CrossGen Chronicles was an American comic book published by CrossGen Entertainment from June 2000 to July 2002. Each issue told a story from one of the different worlds in the Sigilverse, usually a historical narrative of some aspect.

Issue #1
Sigilverse:

A 48-page introduction issue that begins the narrative of the Sigilverse by introducing the First, who have gathered to discuss the sudden appearance of the universe's sigil-bearers, main characters in CrossGen's first wave of titles.

Issue #2
Scion

Tells the story of how Admiral Edvin ("the Peacemaker") of the Heron Dynasty and Admiral Alexi of the Raven Dynasty forged peace between the two Dynasties and initiated the Ritual of Combat on Tournament Isle.

Issue #3
Meridian

Tells the story of Sephie's parents. The Muse of Giatan also makes an appearance years before Sephie's birth. This story is included in Meridian: Going to Ground graphic novel along with issues 8 to 14 of that series.

Issue #4
Sigil

Tells the origin of Sam and Tchlusarud's feud.

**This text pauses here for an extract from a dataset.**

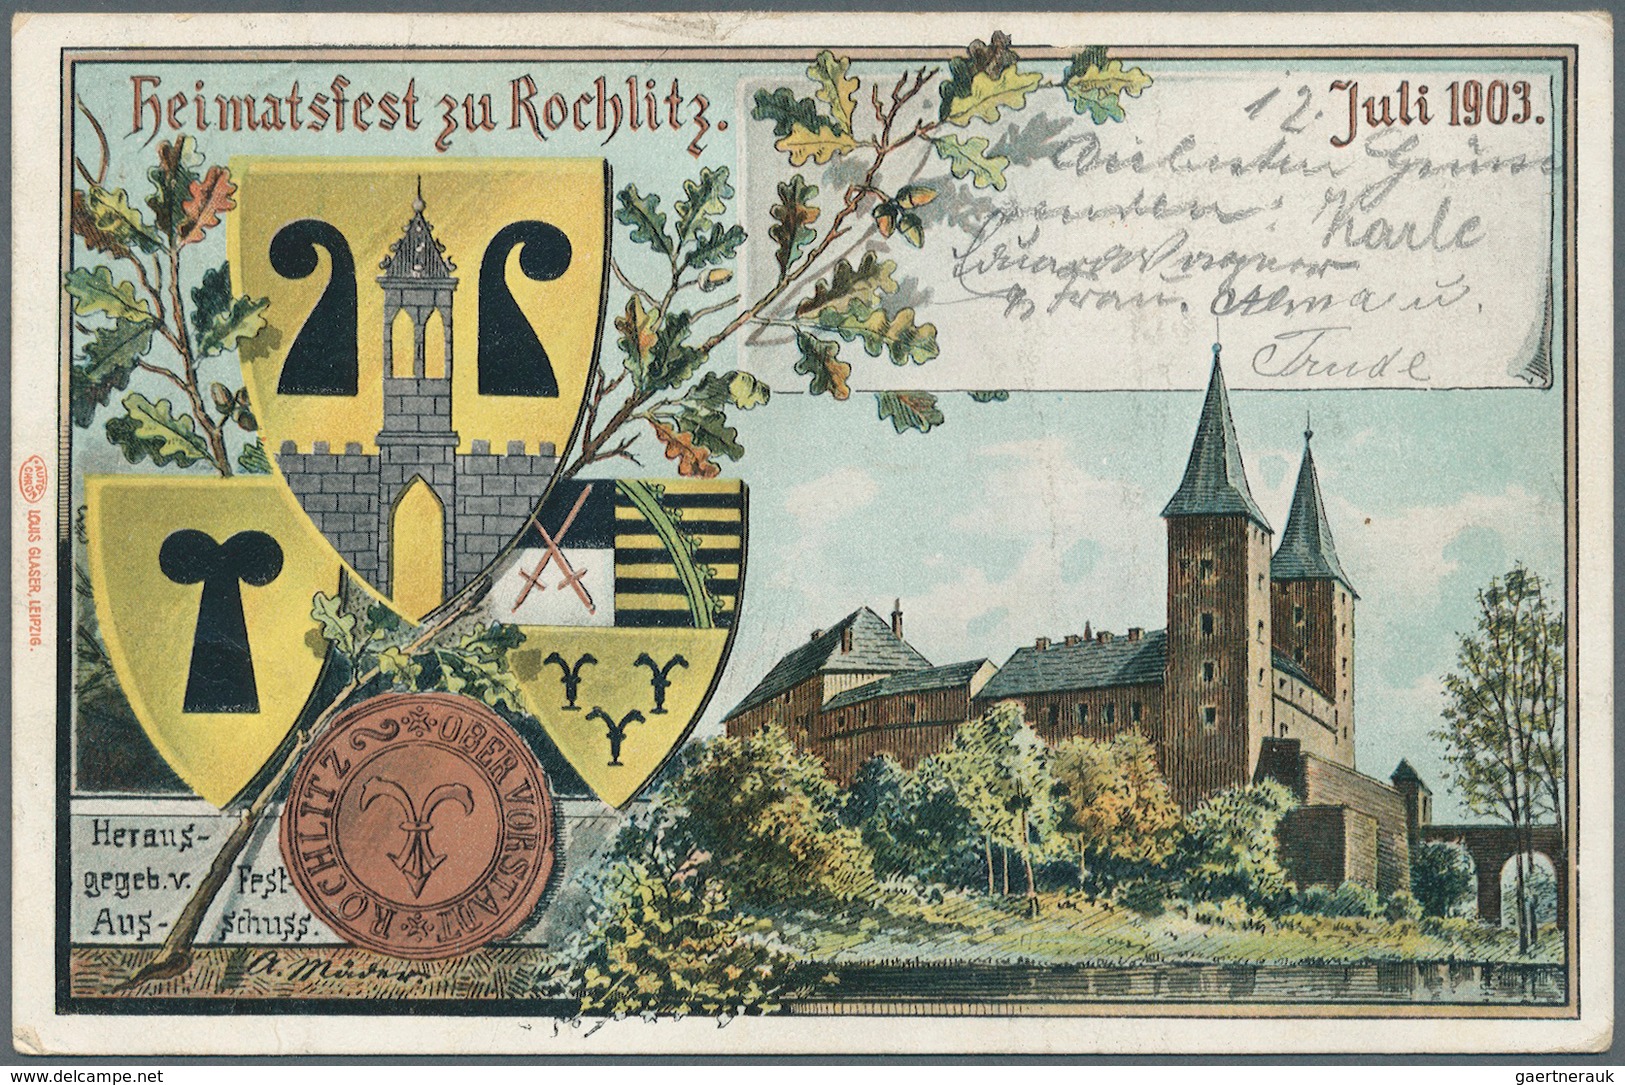 31789 Deutsches Reich - Privatganzsachen: 1890/1914 ca., PRIVATGANZSACHEN, gehaltvolle Sammlung mit ca. 20

This story is included in Sigil: The Marked Man graphic novel along with issues 8 to 14 of that series.

Issue #5
Mystic

The real story on Animora and the Guild Masters.

Issue #6
The First

Tells the story of the Secundae births.

Issue #7
Negation

The history of Obregon Kaine.

Issue #8
Crux

The Story of Danik and Capricia's encounter with Amatus years before transition.